Nevertheless, their very British sensibilities which lend that whole stiff upper lip approach to obstacles see Nell (Keira Knightley) and Simon (Matthew Goode) continue to plan and execute the perfect party, as well as encourage peace and good times among their various guests. Until the kids break the imposed silence and reveal that humanity’s carelessness has caused poison gas storms which will sweep across the world and kill every form of life in their path. 

But there is a solution of a kind in what the British government has dubbed “exit pills,” which they’ve distributed to the population so people can “die with dignity” and avoid the far more painful end to come. The party may as well be the flip side of “Melancholia,” one that goes with Charlotte Gainsbourg’s idea for the end of the world: a supposedly dignified gathering and booze. Since there’s no adult equivalent of Kirsten Dunst, only the kids really call bullshit, and they obviously have no power to alter the proceedings.

Silent Night

This causes many of the usual repercussions among the adults, such as reflection on past mistakes, a life lived, and how they should’ve all voted Green Party, but as writer-director Camille Griffin is well aware, even the apocalypse can’t change everything, such as the fact that most people will never truly get over themselves, or even take responsibility. Nell and Simon are well-meaning, but they can’t bear to speak of what’s about to happen, much less their role in bringing it about. Only one of the youngest adults, the pregnant Sophie (Lily-Rose Depp), tentatively considers a different choice, but mostly out of an unwillingness to be the cause of her fetus’s death.

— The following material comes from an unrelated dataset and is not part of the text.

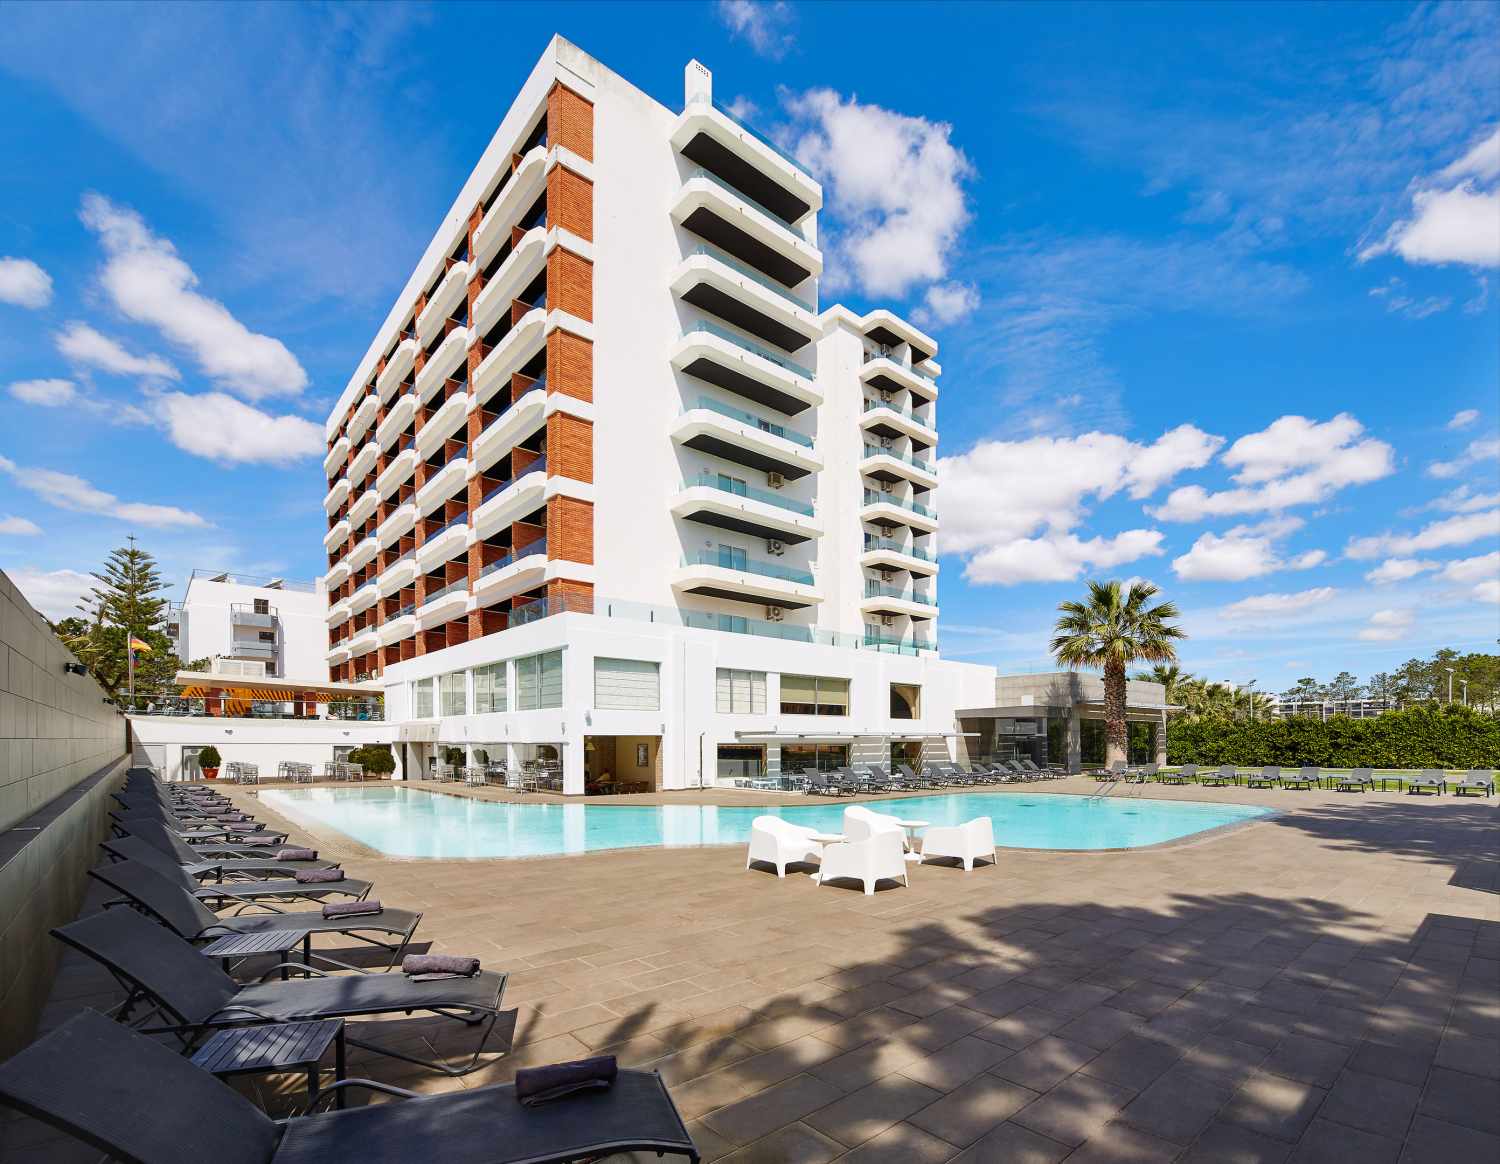 Alcazar Hotel & SPA, Monte Gordo, Algarve, Portugal

But then, Nell and Simon can’t exactly be blamed for being in a less than contemplative mood. Why would they wish to fully consider their actions, since they are bound and determined that they and their children will take their exit pills together? It’s asking a lot of moviegoers to get behind parents who are determined to kill their kids, but “Silent Night” never fails to remind us that Nell and Simon’s decision springs from the deepest of parental instincts - the basic desire to spare their offspring from agonizing pain. 

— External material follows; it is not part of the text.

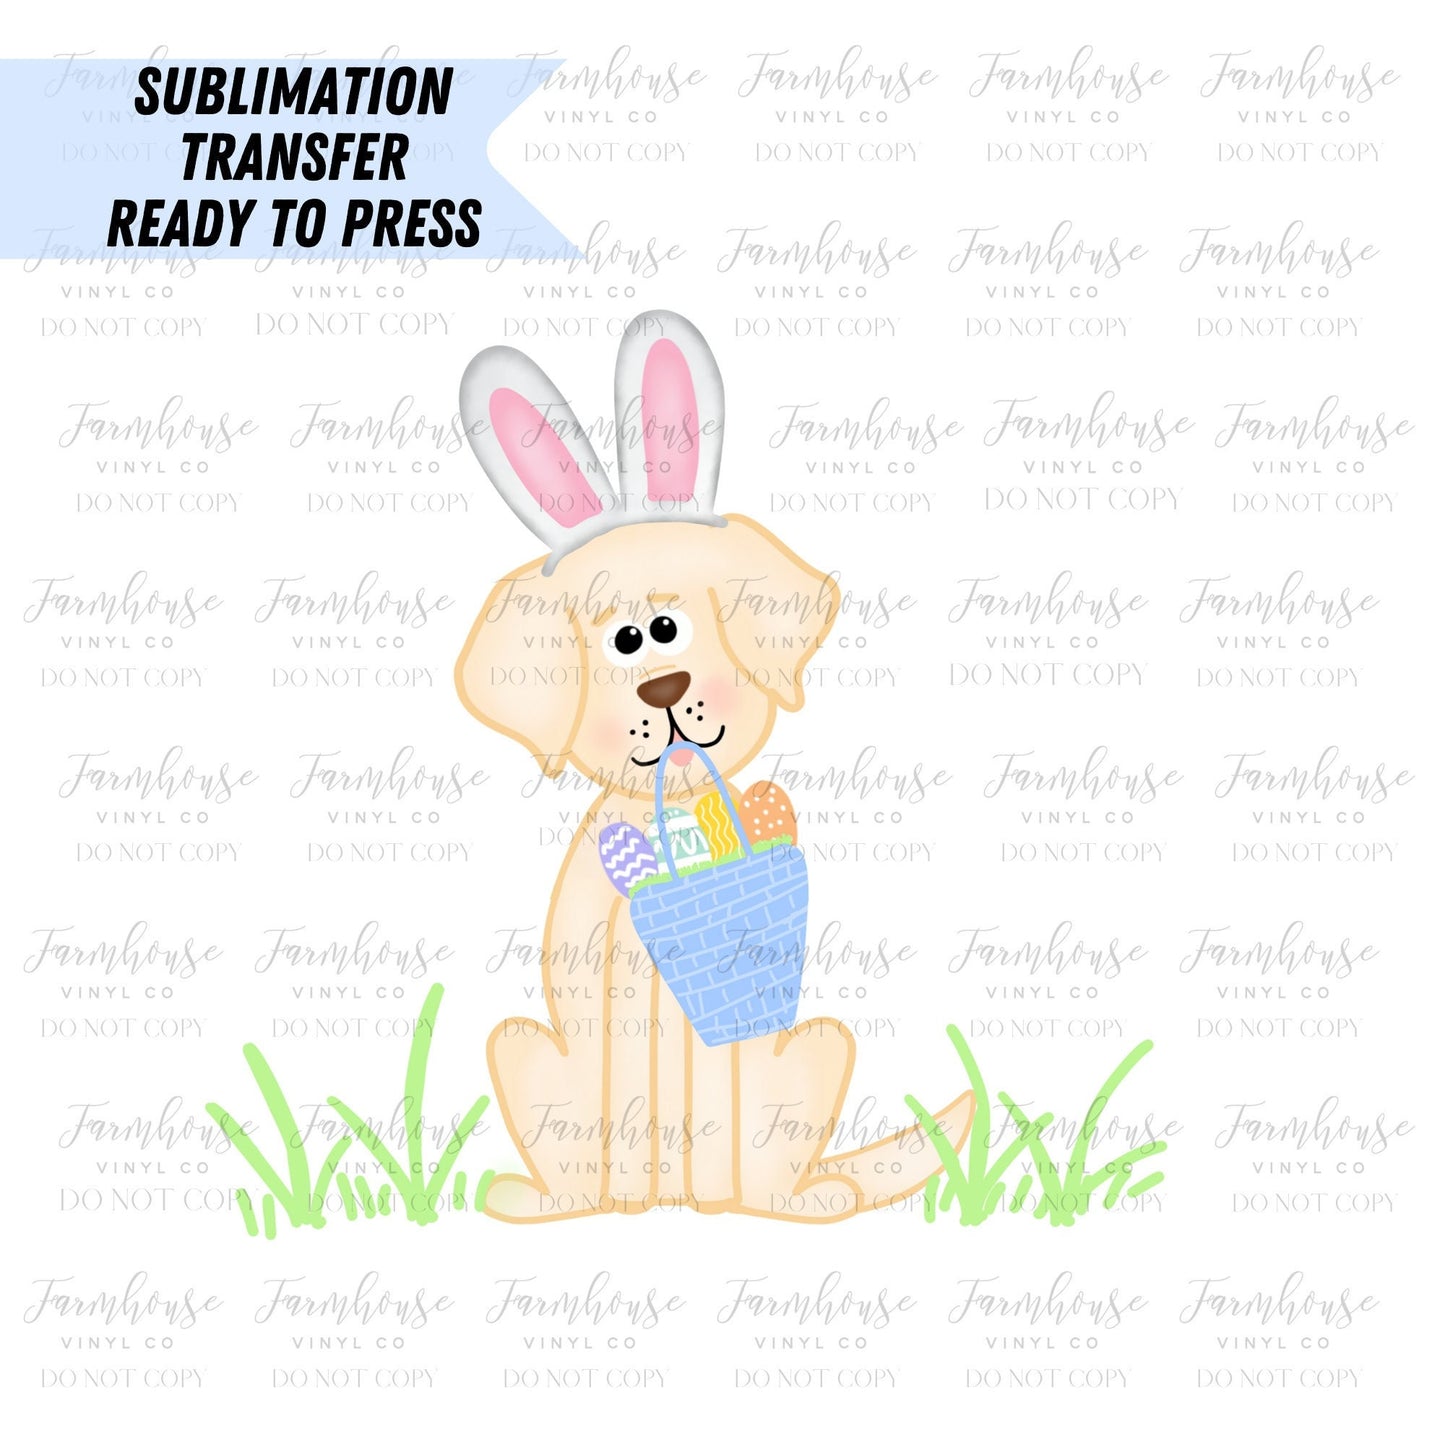 Blue Golden Dog Cute Easter Bunny Ready to Press Sublimation Transfer - Farmhouse Vinyl Co

It’s also asking a lot from a child to see that decision as the twisted act of love that it is, and one of them, Art (Roman Griffin Davis) is less than sensitive the way a smart yet sheltered kid generally is. His refusal to take the pill with his family isn’t so much a velvet hammer as a wrecking ball, as he accuses his truly loving parents of trying to murder him, outright blaming every adult in the room, and self-righteously refusing to give up, even if, as family friend James (Sope Dirisu) points out, Art truly doesn’t know anything about pain.

Silent Night

Where “Silent Night” loses its way is how it can’t bear to follow its own conclusions to their natural ends. The apocalypse doesn’t (and probably won’t) change human nature, so it makes a twisted kind of sense that nepotism will likely outlast us as well. Griffin’s inability to pull the trigger and stick to her principles is understandable, since the cast includes her own son Roman Griffin Davis, who comes to represent a speck of hope and better things to come. Most of the cast, including Lucy Punch dropping some great one-liners that include a “The Road” shout-out, get a few things to do, but even the best delivery just can’t compare to the kinds of connections Davis already has at the age of fourteen. 

It’s the ultimate irony in a film that advocates for equality and a better world to save us all while passing the buck to a generation that’s already inherited enough problems. Not to mention saddling on yet another reminder about how everyone’s counting on them to solve everything for us. But no pressure, right?